After the clinical trial coordinators requested
permission from the site coordinator to move Susan to the open label Xolair injection
arm of the clinical trial due to Susan's inability to tolerate increasingly
high doses of peanut, Susan and I felt relieved...and oddly, strangely, a bit
disappointed -- almost as though Susan's inability to tolerate progressively
higher doses of peanut was a failure in some way. [For those who have missed an entry or two,
in Week 17, Susan was taking, but not tolerating a 60 mg dose of peanut
protein. The Clinical Trial doctors
decided to decrease her dose to 45 mg of peanut protein in the hope that she
would tolerate it. This was a move in
the wrong direction, as the goal was for Susan to be able to tolerate 250 mg of
peanut (one whole peanut) by Week 19, which looked less and less likely as she
struggled to tolerate the updoses.]
Failure.
Yes.
That sounds a bit crazy, even to me, but it is true.
This feeling -- that we [Susan?] had failed in some way was
underscored (and EXPLAINED -- thank you) by a dear friend when she said: "I am so sorry the clinical trial did
not work." I paused, seeing clearly
-- understanding -- the feelings of failure.
It was with relief that I explained to my friend that it
was possible that the clinical trial worked exactly the way it was supposed to
-- if Susan was in the control group...IF
those painful, burning injections she endured every other week for twelve weeks
were...the placebo.
And so, it was with mixed feelings that we drove into the
city for our appointment in the Clinical Research Unit (CRU) on Tuesday.
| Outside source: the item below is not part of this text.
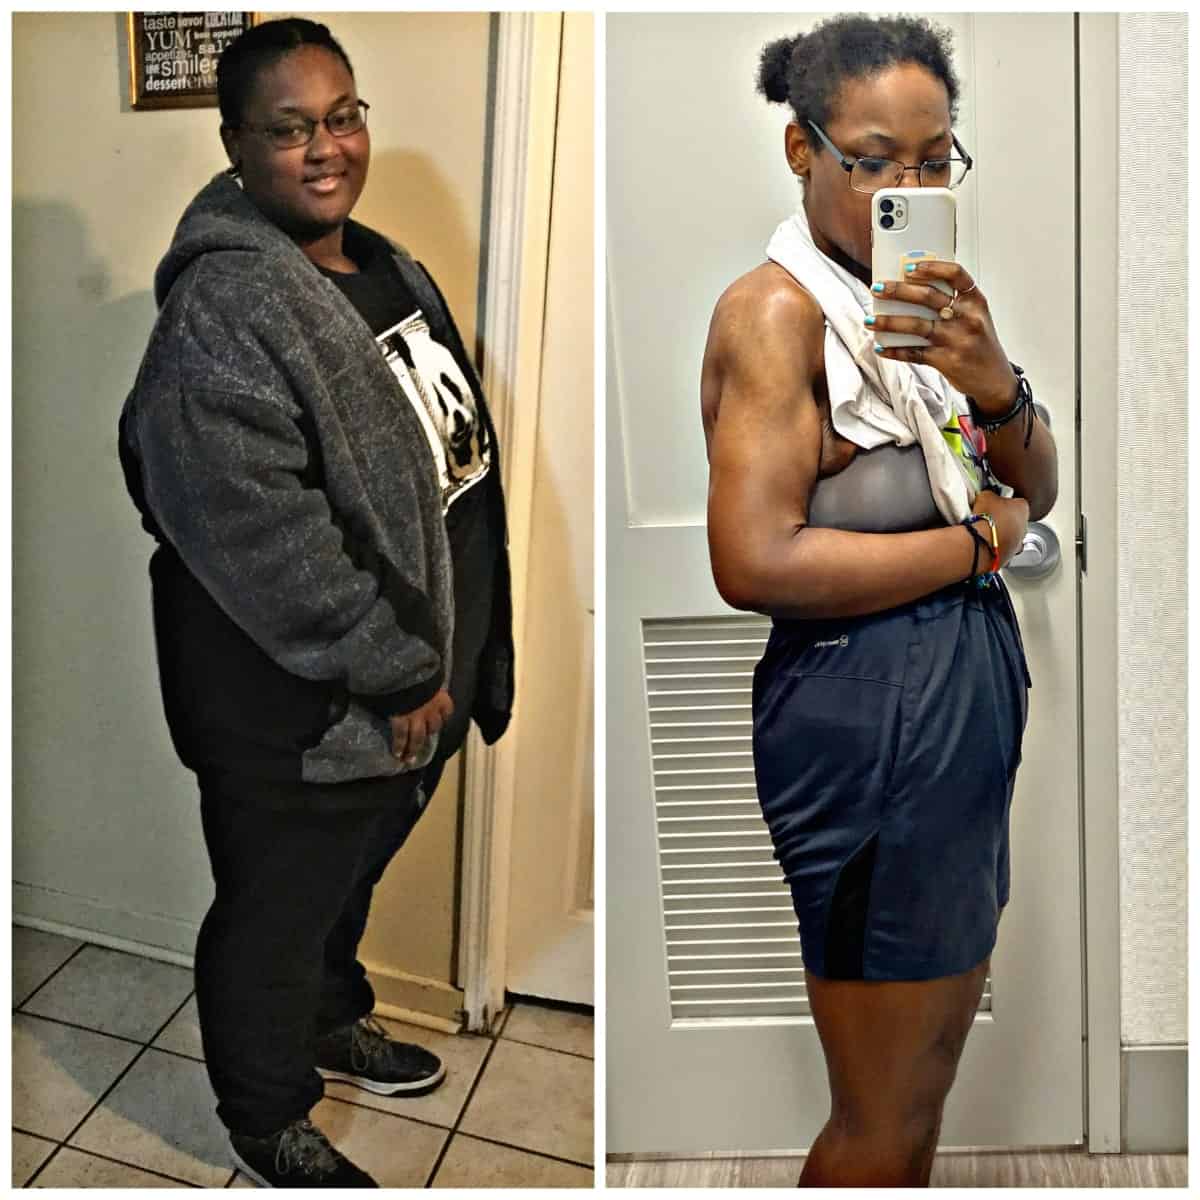 Side by side photos of Miyahnna before and after weight loss.

While I was thrilled beyond belief by the
knowledge that Susan would begin receiving open label injections of Xolair,
there was a part of me (that fretful, worrisome, negative part of me) that
wondered -- were we starting anew -- returning to Week 0 only to go down a
similar (hard) path in twelve weeks?
(This is, of course, only likely in the highly unlikely event that Susan has been receiving Xolair
injections from the start...)
While Susan gave voice to this possibility, wondering
aloud if Xolair ever does not help someone, when I think about her mood,
the mood in the room...when I look at the pictures I took...I know she was
feeling hopeful...optimistic, and I was, too (well, mostly...save for that
little voice lurking in the back of my head...)
Susan was all business during the breathing tests.
And I could not resist photographing the pre-prepared, clearly labeled syringes filled with what
I hope is a miracle medicine for Susan...
[I have already had several people ask -- why THREE injections? It does seem rather a lot, I would agree -- while I don't know the amount in each syringe (although I suspect I could have known had I thought to turn over the syringes), I do know that this is the dosage that was calculated based on Susan's IgE levels at the time she was enrolled in the clinical trial -- First Food Challenge.]
Susan was the most relaxed I have ever seen her during the injections. (Of course, we were TOTALLY joking around with her...and I am sure it did not hurt knowing that she was receiving open label injections of Xolair.)
She went from serious...
To..smiling. As mom, I know that is a for-real smile. With hope like this, how could she not smile?
And then (because we were being really goofy -- and not a one of us in the room could sing AT ALL), Susan was cracking up! (How could she not? Even I was laughing at how pathetic we sounded...)
And then, even though she was getting an injection (her third), Susan was "licking up her baby bumblebee!" I love that Lydia's mother's antics carried over as they did during this visit to the CRU (Surreal).
I could not help but grill Susan after the injections:
-- Did you feel anything any different?
-- Was there anything AT ALL different? Anything? At ALL?
No, mom.
(As I told myself -- it means nothing. Right? Right. But still...I wonder...)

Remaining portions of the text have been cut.